Essential Statistical Concepts and Probability Methods
Posted by Anonymous and classified in Mathematics
Written on in
English with a size of 947.38 KB
Common Statistical Biases
- Sampling bias: The sample was not representative of the population.
- Non-response bias: Only 24% returned surveys.
Sampling Techniques
- Simple Random Sampling (SRS): 1) Every member of the population has the same chance of being included (representative). 2) Members are chosen independently.
- Random Cluster Sampling: 1) Divide into smaller geographical sectors. 2) Take an SRS of sectors. 3) Count all samples in sectors and scale appropriately.
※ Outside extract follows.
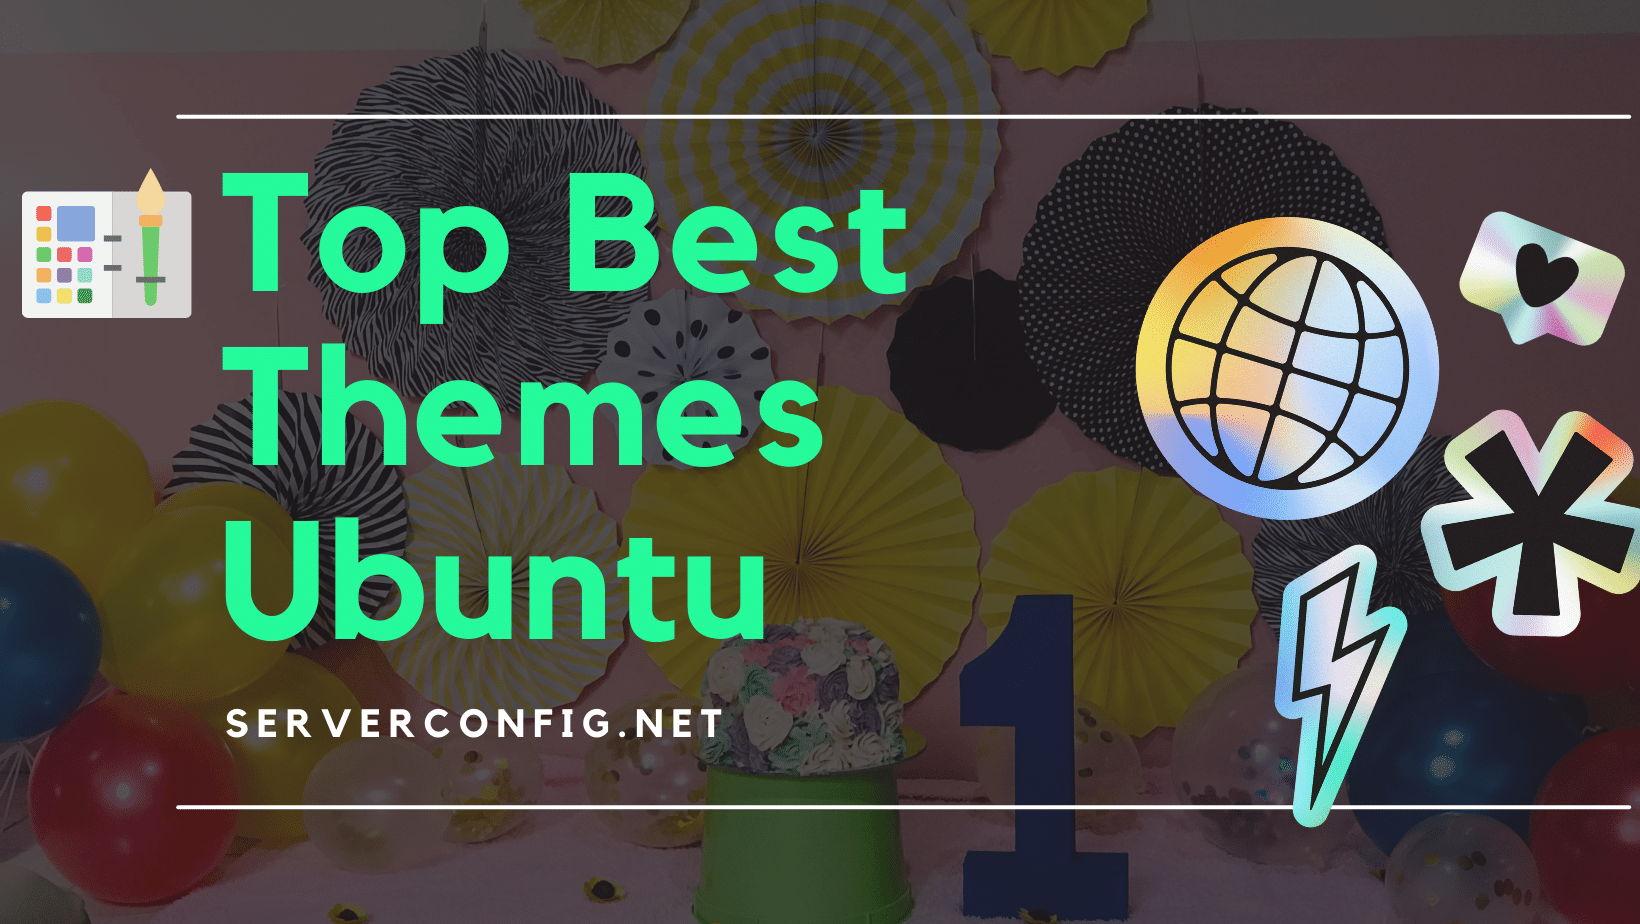 Top Best Themes Ubuntu

- Stratified Random Sampling: 1) Divide population into groups based on criteria like age or income. 2) Perform an SRS of each group and scale appropriately.
Data Variables and Distributions
- Variable Types: Categorical and Numeric (discrete and continuous).
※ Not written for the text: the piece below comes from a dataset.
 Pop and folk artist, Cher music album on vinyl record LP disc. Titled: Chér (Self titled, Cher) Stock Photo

- Relative frequency: Count / sample size.
- Skewed to right: The tail is longer on the right.
- Bimodal distribution: Known as "twin towers."
- Robustness: Data is relatively unaffected by changes in a small portion of the dataset. The median and IQR are robust; the mean and range are not.
- IQR: Q3 - Q1.
- Outliers: Lower fence = Q1 - (1.5 x IQR).
Probability Rules
- Complement: Probability of an event not happening is 1 - the probability that it does happen.
- Addition rule: Pr(E1 or E2) = Pr(E1) + Pr(E2) - Pr(E1 and E1 and E2).
- Disjoint: Means no overlap.
- Conditional probability: Pr(E2|E1) = Pr(E2 and E1) / Pr(E1).
- Multiplication rule: Pr(E1 and E2) = Pr(E1) x Pr(E2|E1).
- Independence: Events E1 and E2 are independent if Pr(E1 and E2) = Pr(E1) x Pr(E2). Two events are independent if knowing that one event occurred does not change the probability of the other event occurring.
Statistical Analysis and Binomial Examples
Note: There is not enough information in a boxplot to determine standard deviation (SD).
Example: Assume 14% of men are colorblind, SRS for 10 men:
- Exactly one of 10 men is colorblind: 10 * (0.14^1) * (0.86^9)
- One or two of 10 men are colorblind: P(x=1 or x=2) = P(x=1) + P(x=2). P(x=2) = 10 choose 2 * (0.14^2) * (0.86^8) = 0.2639. Total = 0.3603 + 0.2639.
- One or more of 10 men are colorblind: P(x>1) = 1 - P(x=0). P(x=0) = 1 - (0.86^10) * (0.14^0).
Standard Error and CLT
Formula: SE = s / sqrt(n)
Impact of Distribution: Using z-scores to calculate probability relies on the assumption that the distribution being observed is normally distributed. However, when looking at the distribution of the sampling mean rather than individual sample distributions, the Central Limit Theorem (CLT) applies. As sample size increases, the sampling mean approaches a normal distribution regardless of the population distribution. In this case, a sample size of n=100 is large enough.
Confidence Intervals: The 95% confidence interval shows that if many samples were taken and a 95% CI was calculated for each, then around 95% of these intervals should contain the true population mean. Therefore, individual measurements in one SRS do not confirm or deny the correctness of the interval.